EXCERPTED DATA:
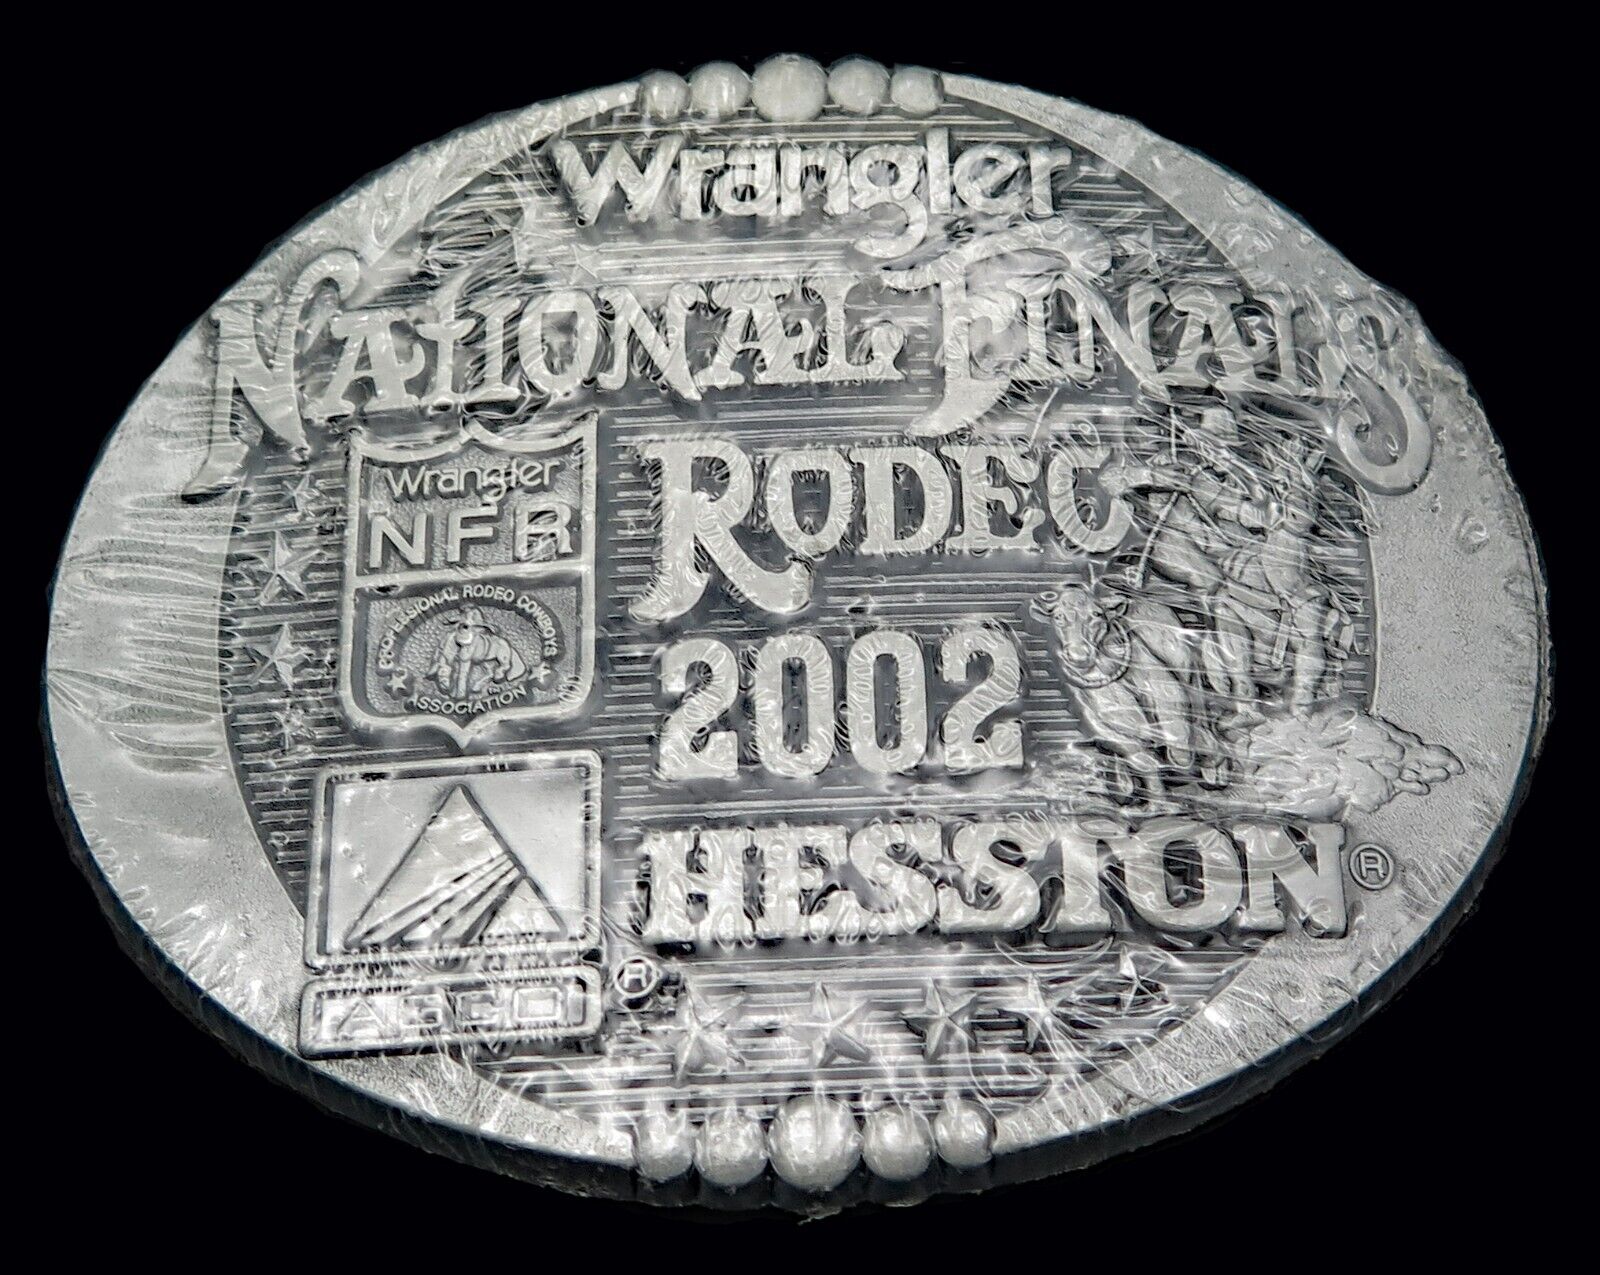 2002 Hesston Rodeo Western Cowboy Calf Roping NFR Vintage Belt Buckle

---

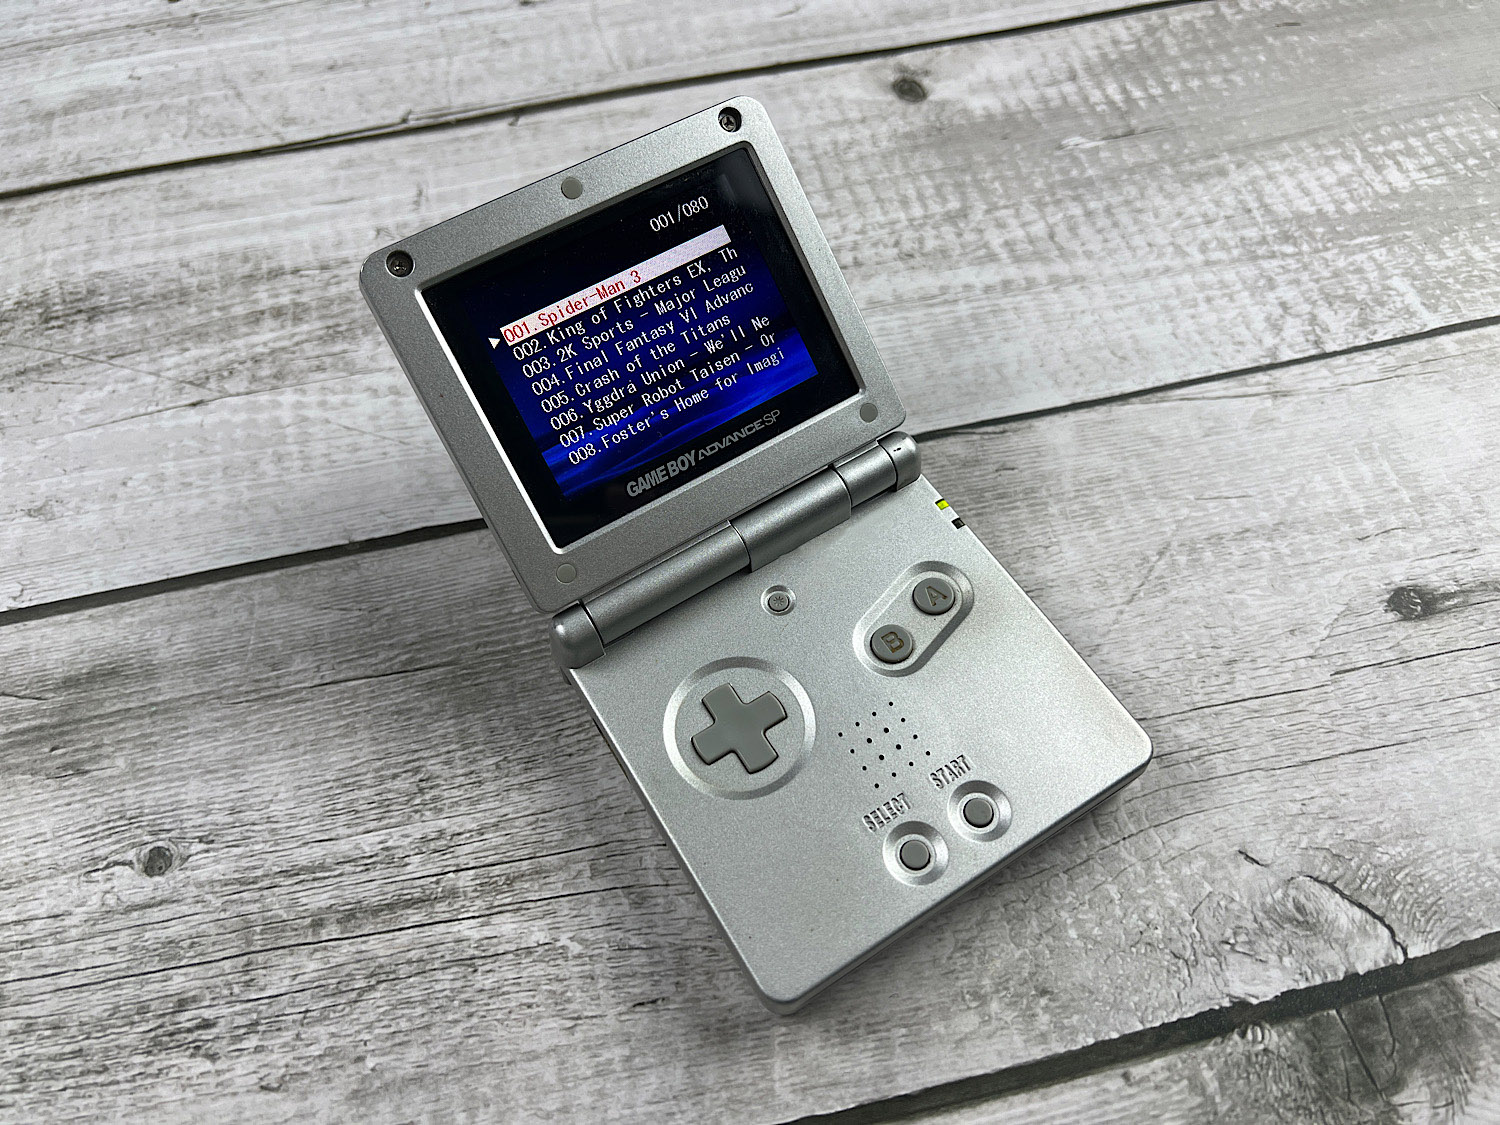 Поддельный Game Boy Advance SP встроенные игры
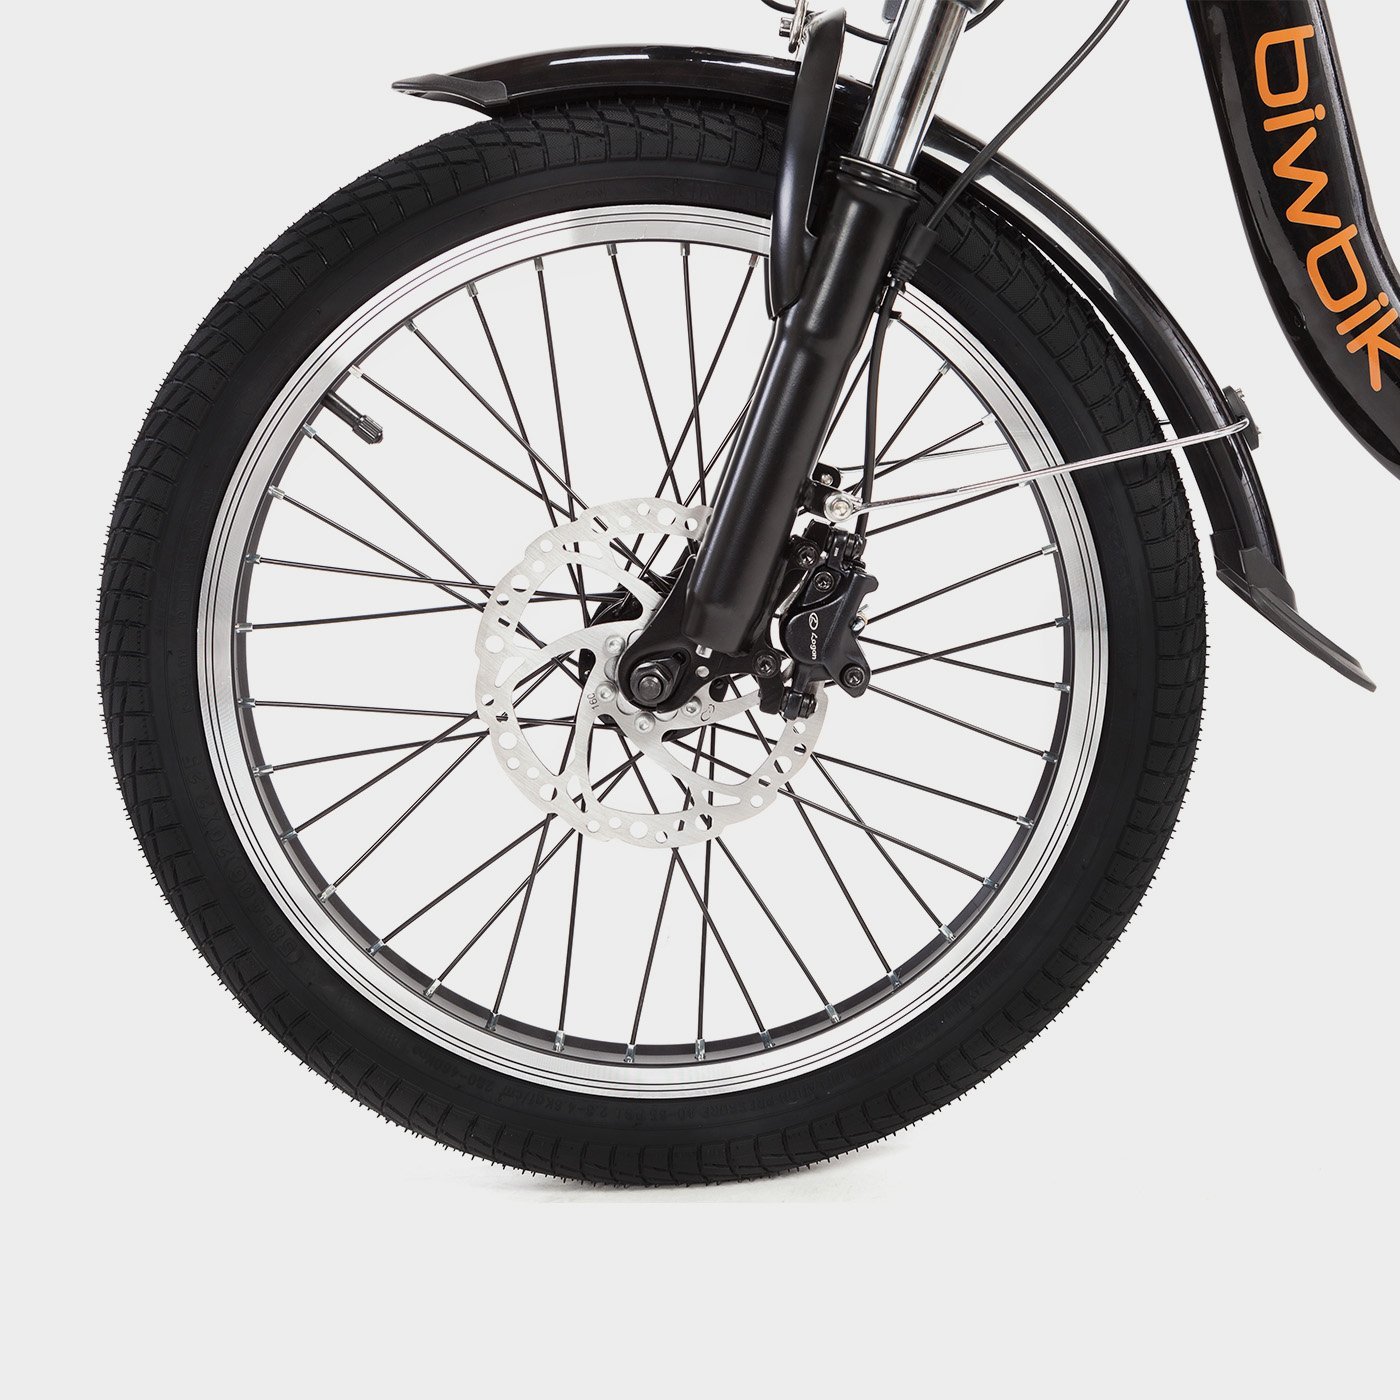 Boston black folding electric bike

WHAT YOU NEED TO DO:
Where a picture appears in the records above, omit it, and transcribe exactly the stretch of lines from the one with "Поддельный Game Boy" through the one with "Boston black folding electric bike".

EXERCISE OUTPUT:
 Поддельный Game Boy Advance SP встроенные игры
 Boston black folding electric bike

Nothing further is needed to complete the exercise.